题意:有一排仓库,每个仓库都有个价值,可以炸掉两个仓库之间的铁路,如果仓库按顺序是4---5---1---2,那么整个路段的总价值为4 * 5 + 4 * 1 + 4 * 2 + 5 * 1 + 5 * 2 == 49,我们可以炸掉5---1之间的路段,那么总价值将变为4 * 5 + 1 * 2 == 22,求炸掉路段的总价值的最小值。

分析:假设w[a][b]为a仓库到b仓库的总价值,那么w[a][b]的DP方程为\(w[1][i] = w[1][k] + w[k + 1][i] + (v[1] + v[2] + ... v[k]) * (v[k + 1] + ... + v[i])\),可以得到\(w[k + 1][i] = w[1][i] - w[1][k] - sum[k] * (sum[i] - sum[k])\),也就是第k个仓库到第i个仓库的总价值。
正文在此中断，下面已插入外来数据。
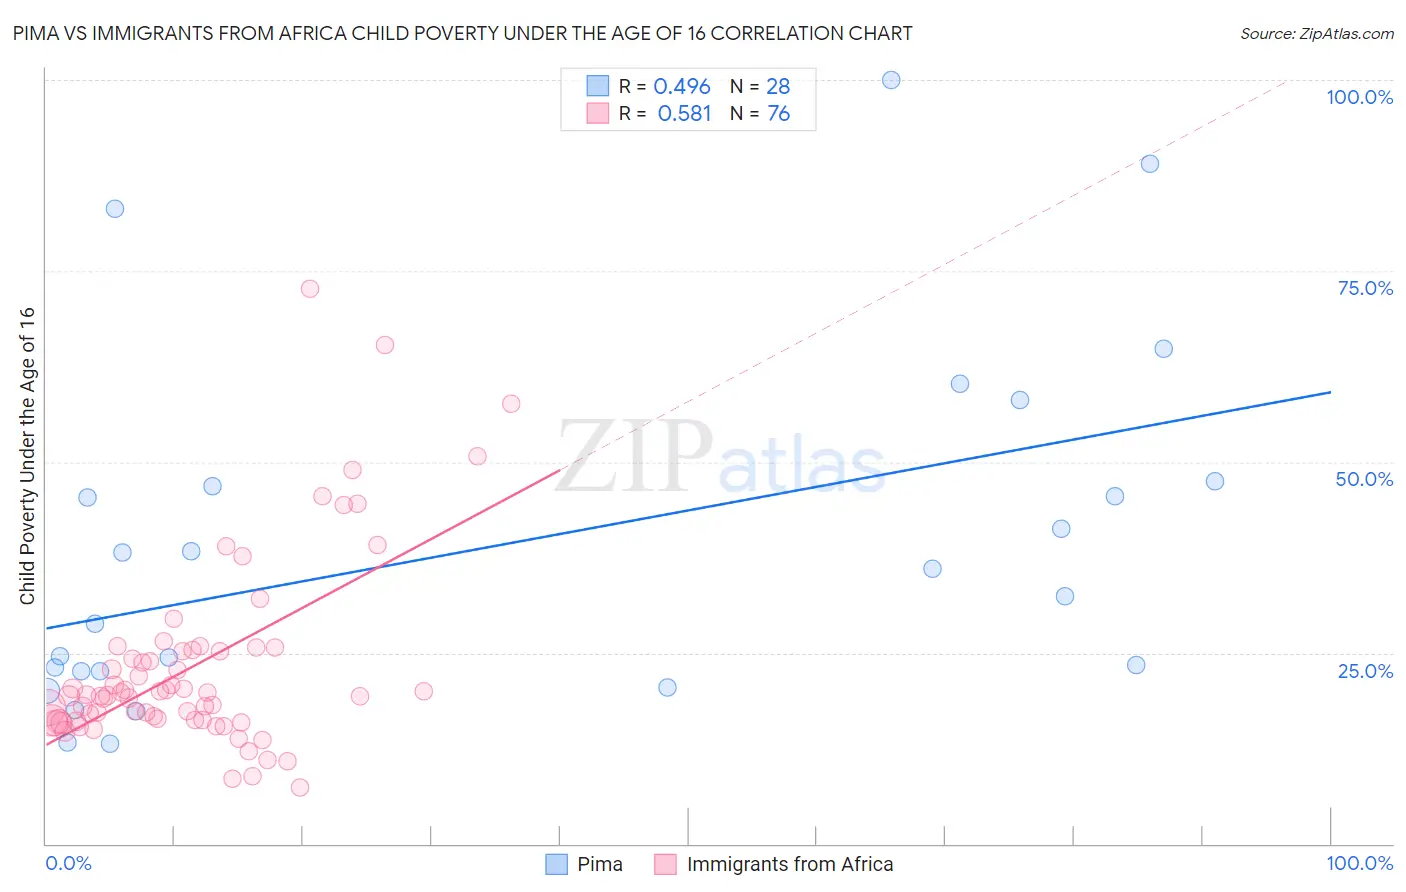 Pima vs Immigrants from Africa Child Poverty Under the Age of 16

我们定义f[i][j]为前i个仓库分成j批的总价值,那么\(f[i][j] = min(f[k][j - 1] + w[1][i] - w[1][k] - sum[k] * (sum[i] - sum[k]))(0 <= k < i)\),那么我们通过变形,得到\(f[k][j - 1] - w[1][k] + sum[k]^{2} = f[i][j] - w[1][i] + sum[k] * sum[i]\),我们假设\(f[k][j - 1] - w[1][k] + sum[k]^{2}为y\)\(sum[i]为k\),那么可以得到\(y = k * sum[k] + f[i][j] - w[1][i]\),这样我们就可以利用凸包进行优化。

#include <iostream>
#include <cstdio>
#include <cstring>
#include <string>
#include <vector>
#include <algorithm>

using namespace std;
const int N = 1005;
int d[N];
int sum[N];
int w[N];
int f[N][N];
int q[N];

int get_y(int k, int j)
{
	return f[j - 1][k] - w[k] + sum[k] * sum[k];
}

int main()
{
	int n, m;
	while (scanf("%d%d", &n, &m) != EOF)
	{
		if (n == 0 && m == 0) break;
		for (int i = 1; i <= n; ++i) scanf("%d", &d[i]);

		for (int i = 1; i <= n; ++i)
		{
			sum[i] = sum[i - 1] + d[i];
			w[i] = w[i - 1] + sum[i - 1] * d[i];
		}

		for (int i = 1; i <= n; ++i) f[0][i] = w[i];

		//分成m批
		for (int j = 1; j <= m; ++j)
		{
			int hh = 0, tt = 0;
			q[0] = 0;
			//前i个仓库分成j批的最小值
			for (int i = 1; i <= n; ++i)
			{
				while (hh < tt && (get_y(q[hh + 1], j) - get_y(q[hh], j)) <= sum[i] * (sum[q[hh + 1]] - sum[q[hh]])) ++hh;
				int k = q[hh];
				f[j][i] = f[j - 1][k] + w[i] - w[k] - sum[k] * (sum[i] - sum[k]);
				while (hh < tt && (get_y(q[tt], j) - get_y(q[tt - 1], j)) * (sum[i] - sum[q[tt]]) >= (get_y(i, j) - get_y(q[tt], j)) * (sum[q[tt]] - sum[q[tt - 1]])) --tt;
				q[++tt] = i;
			}
		}

		printf("%d\n", f[m][n]);

	}



	return 0;
}